Tutorial 3 – Structure and Communication

In this tutorial we’re going to cover structuring your programs and writing effective Go code for FPGAs. We’ll look at our template project and use it to complete a couple of simple examples. Along the way we’ll learn a bit more about the shared memory available on the FPGA card. There are some elements that need to be present in your code to keep our compiler happy, and there are some areas where you’re free to move and process data however you want. Also, we’re not just dealing with an FPGA in isolation, Reconfigure.io programs include code for a host CPU as well as the FPGA, so you need to consider how best to split up the work between the two, and how to pass data around effectively, for more on this see our style guide.

What we will do

  • Look at our program structure
  • Look at the basic requirements for the CPU and FPGA code.
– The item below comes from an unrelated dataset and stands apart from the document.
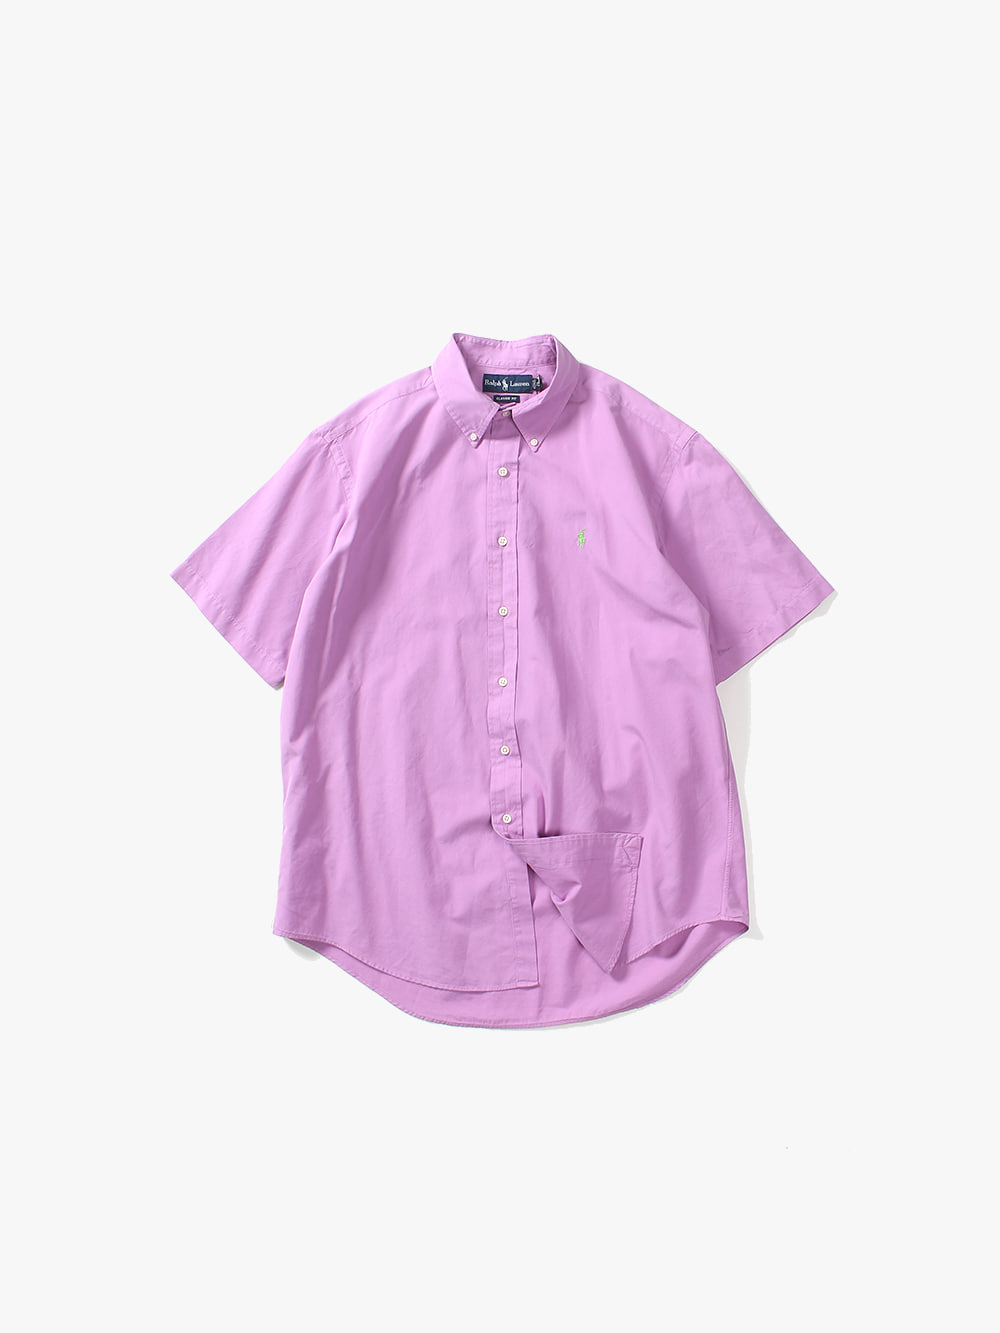 [ L ] Polo Ralph Lauren 1/2 Shirt (6176)
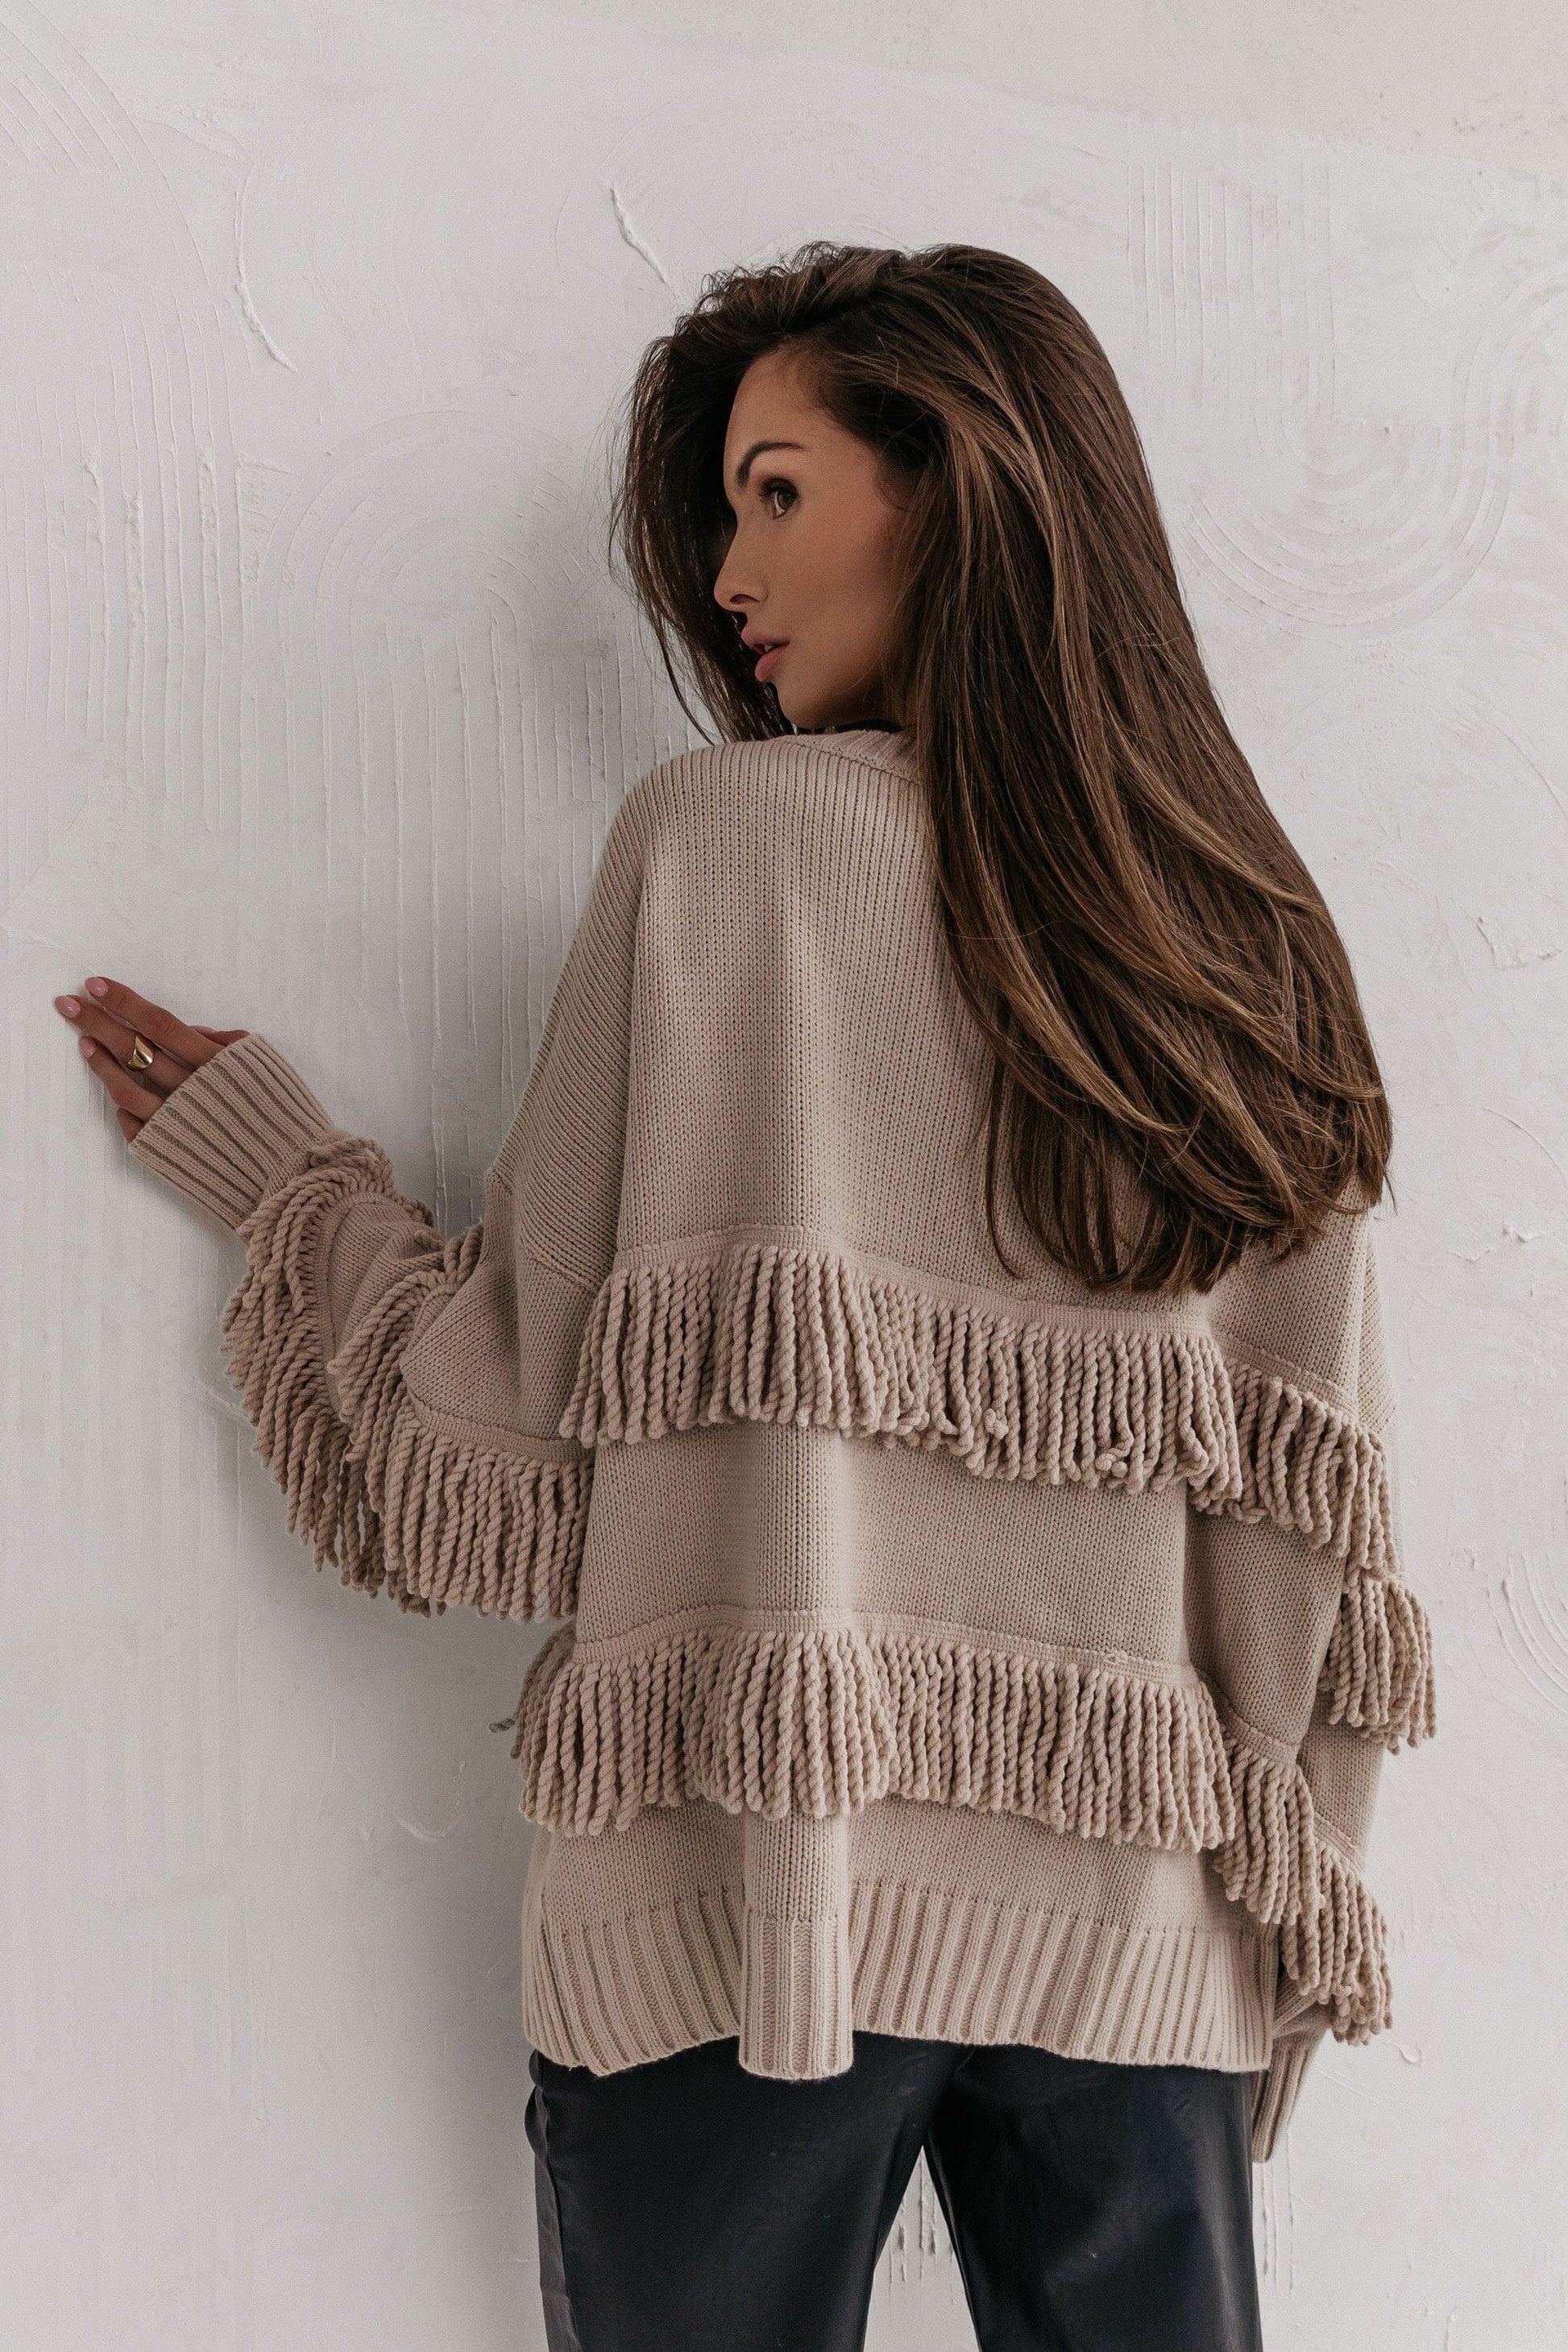 Trend Collection Pullover mit Fransen One Size / Beige

A template is available in tutorials/template
  • Discuss how to share data between the host CPU and FPGA
  • Use our template to create a simple program in which a single integer is passed from host CPU to the FPGA, multiplied by 2, and passed back to the host. (Solution here: tutorials/multiply1-complete)
  • Use the code above as the basis to create another program where an array of 10 integers is passed from the host to the FPGA, each integer is then multiplied by 2 and the resulting array is passed back to the host. (Solution here: tutorials/multiply-array-complete)

Program Structure

Reconfigure.io programs all have the same structure, a main.go file for the FPGA and then a cmd directory containing the code for the CPU. We call the host code a command and you can have multiple host commands within the same program. When you come to simulate or deploy a build image you can choose which host command to use by using the name of the directory it sits within, for example, to simulate the program below, running the benchamarking command, you would navigate to the My-Program directory and run reco sim run bench-My-Program. reco.yml contains a few simple settings for memory access, you just need to specify how many read and write ports you need from the FPGA to shared memory:

My-Program
├── cmd
│   └── test-My-Program
│       └── main.go
├── main.go
├── main_test.go
├── reco.yml

Next, we’ll look at the structure of the two main.go files.

The CPU

The host code can be really flexible and is written in standard Go. The host’s jobs include to creating, receiving, managing and organizing data for the FPGA to process. The host also starts the FPGA running.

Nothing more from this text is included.